Yes, Agent.ai has a Free Plan that includes a sandbox environment, limited conversations, and basic indexing for testing and small-scale evaluations. It is intended for POCs and developer experimentation rather than production workloads.
Yes, Agent.ai integrates with collaboration platforms like Slack and Microsoft Teams. These integrations allow agents to operate inside team channels, send proactive messages, and escalate to human agents while preserving conversational context.
Agent.ai supports enterprise compliance controls including SSO and VPC/on-premise deployment options on Enterprise plans. The platform offers role-based access, audit logs, and controls for data retention and redaction; customers with specific regulatory needs can negotiate deployment and contractual protections.

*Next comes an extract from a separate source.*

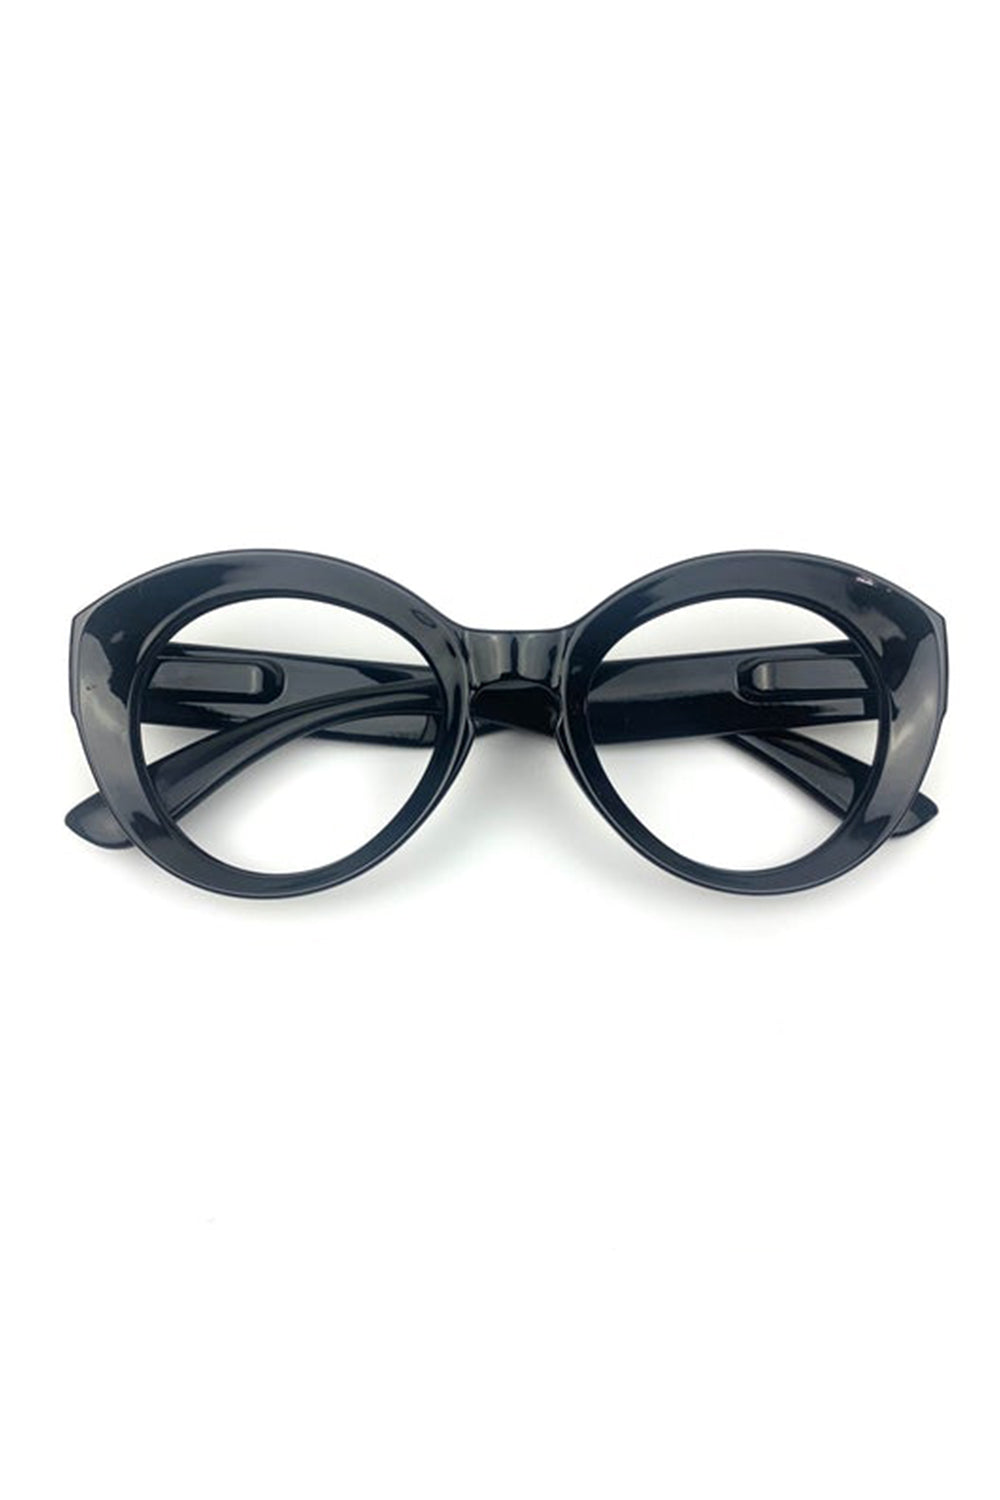 Captivated Soul / Ursula Eyewear 1 / Black

Yes, Agent.ai supports action handlers and webhooks for executing backend tasks. Agents can call authenticated APIs to create tickets, update CRM fields, or trigger workflows in external systems when a user requests an action that requires state change.

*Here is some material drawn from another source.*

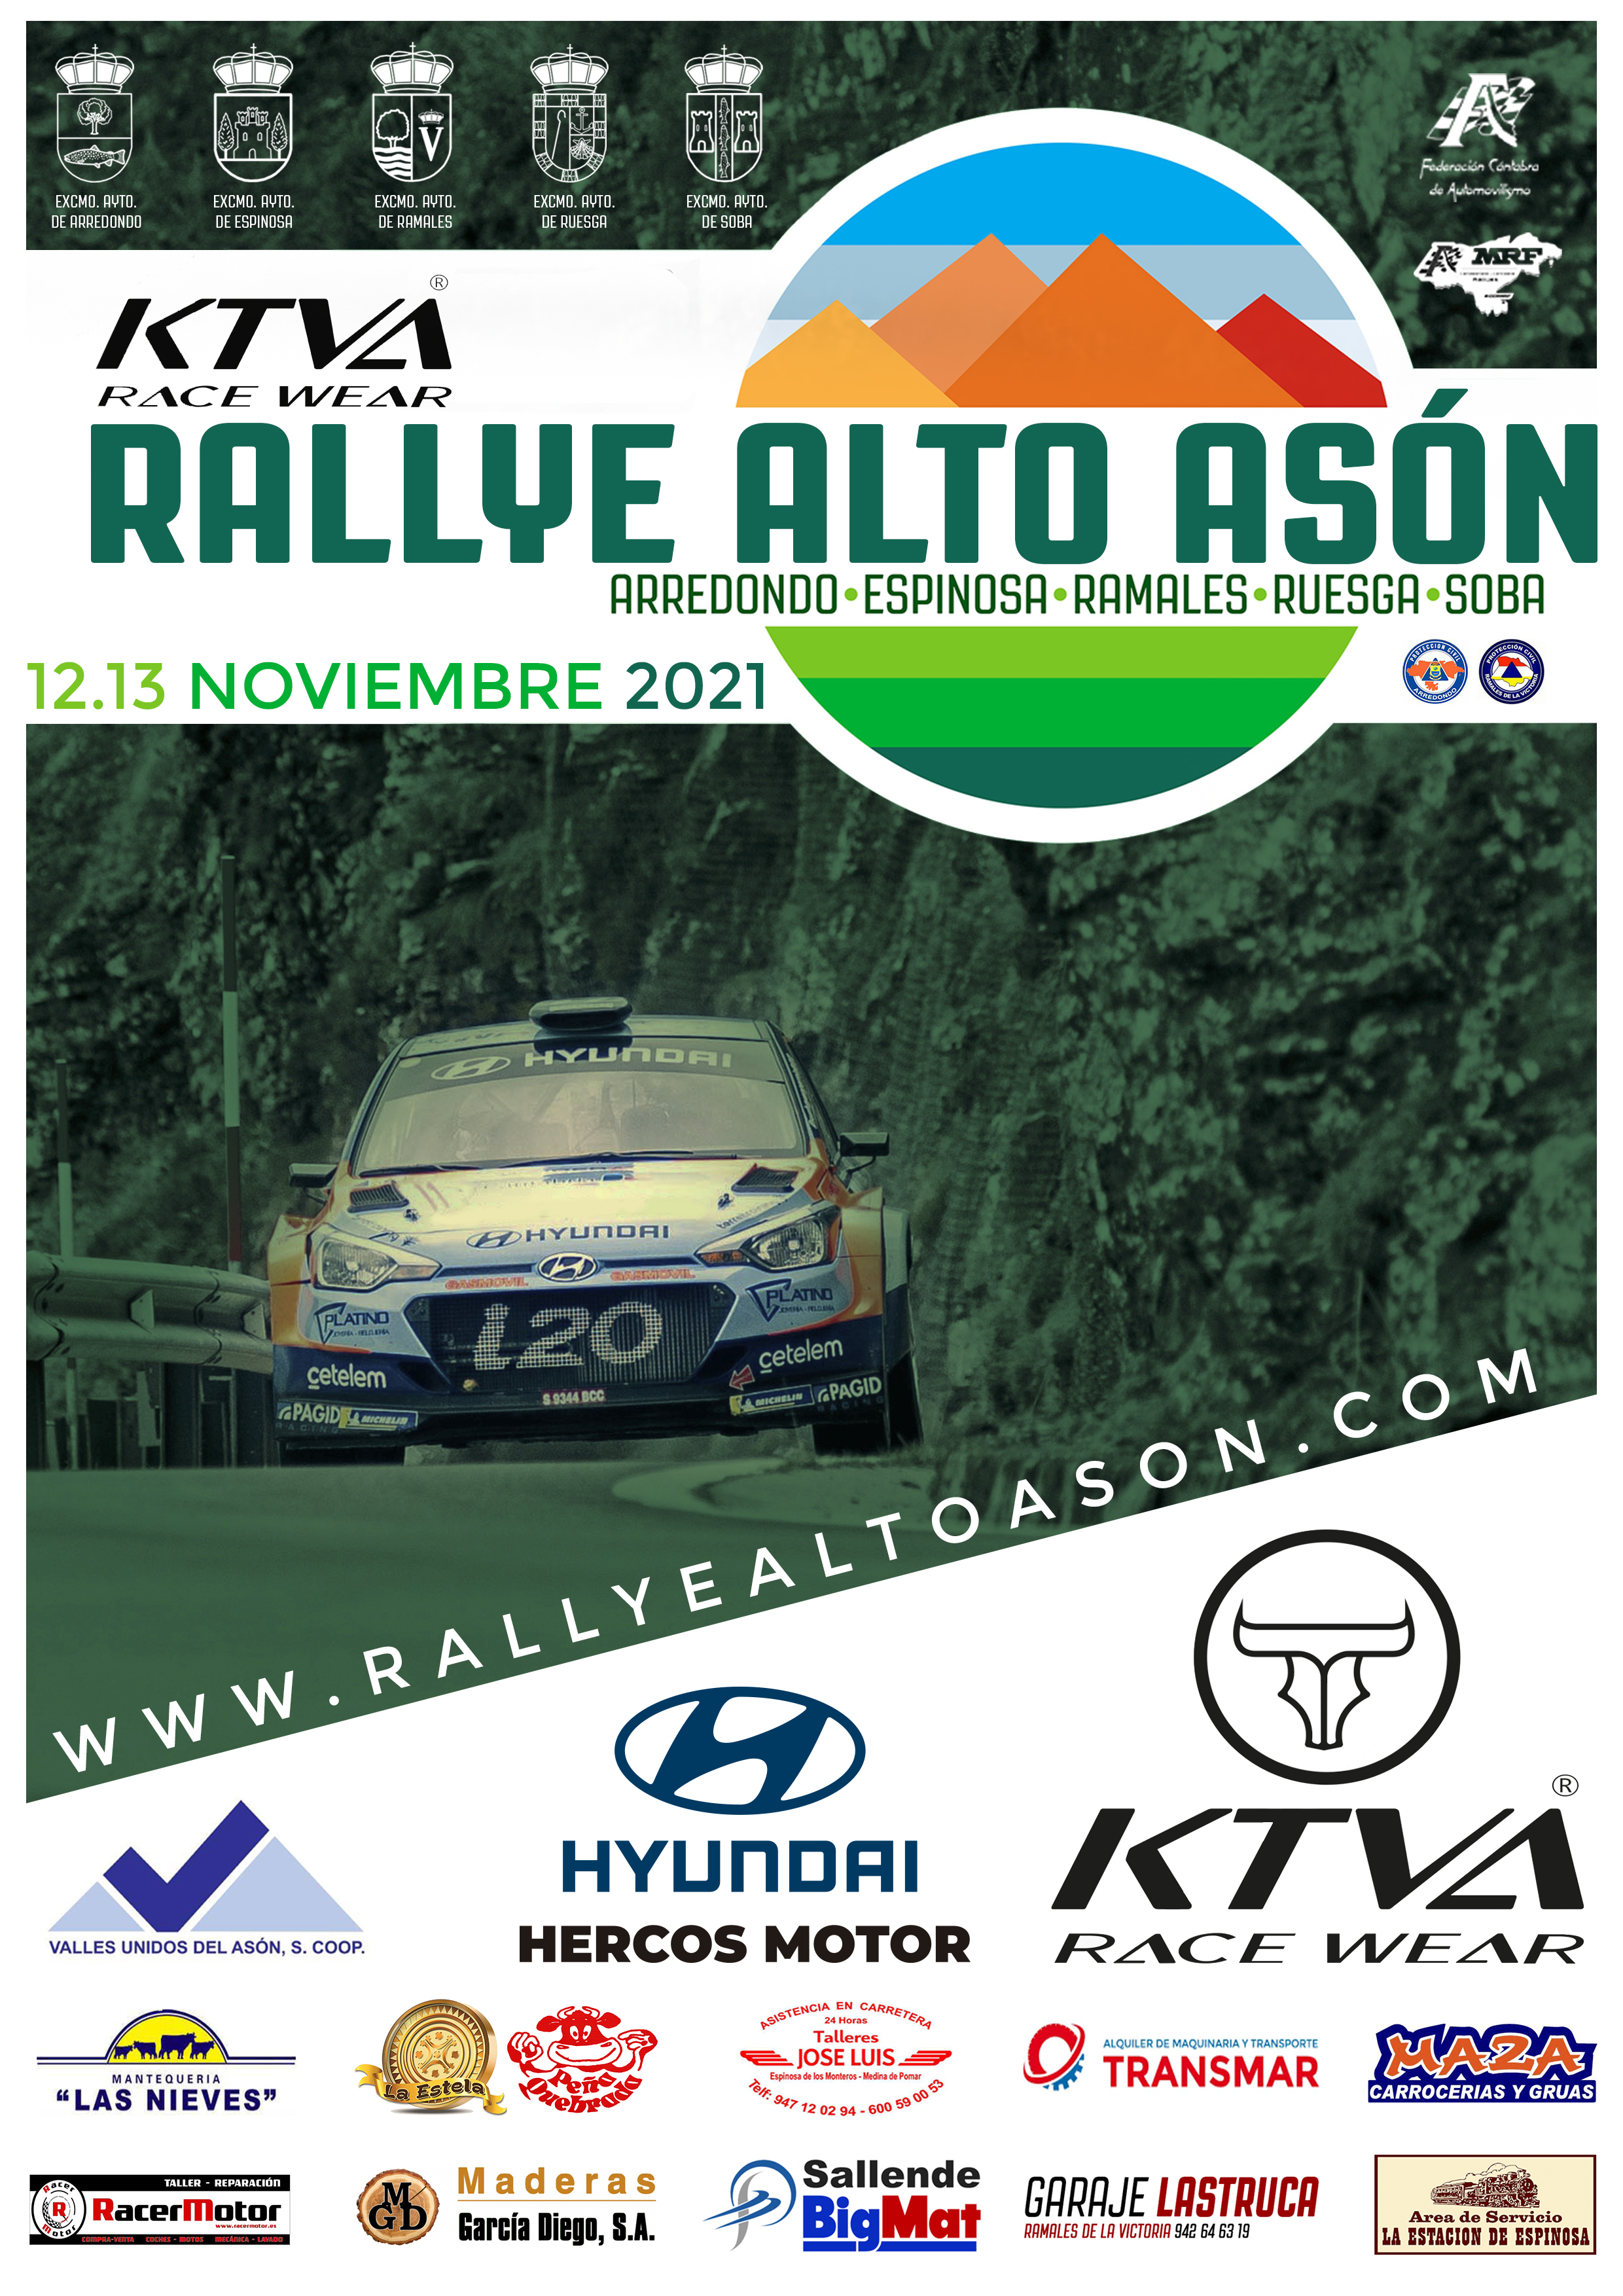 Rallye Alto Asón KTVA

Yes, Agent.ai includes a knowledge retrieval layer for indexing private documents and structured data. The platform performs semantic search over PDFs, knowledge bases, and internal docs, and can be configured to prioritize trusted sources and provenance for answers.
Agent.ai scales to handle high-throughput conversational workloads under Professional and Enterprise plans. Higher tiers include increased rate limits, SLA-backed uptime, and options for dedicated infrastructure to meet throughput and latency requirements for large contact centers.
Agent.ai provides documentation, developer guides, and tiered support plans. The Free Plan includes community support and docs; paid plans add email or phone support, onboarding assistance, and enterprise customers receive dedicated customer success resources and training as part of their contract.
Agent.ai hires across product, engineering, sales, and customer success roles. Job listings typically appear on the company’s careers page and LinkedIn where they post openings for machine learning engineers, backend developers, and solutions architects. Candidates with experience in NLP, data engineering, and SaaS operations are commonly sought.
Agent.ai runs partnership and referral programs for agencies and system integrators that implement the platform for customers. Affiliate or reseller terms vary; partners typically receive margin on seats sold and implementation credits for joint sales opportunities. For program details, check Agent.ai's partner information (https://www.agent.ai/partners).
You can find user reviews and comparisons on software review sites like G2 and Capterra, and in technical write-ups on developer blogs and community forums. For the most current feedback and case studies, consult Agent.ai’s customer testimonials and independent reviews on software marketplaces.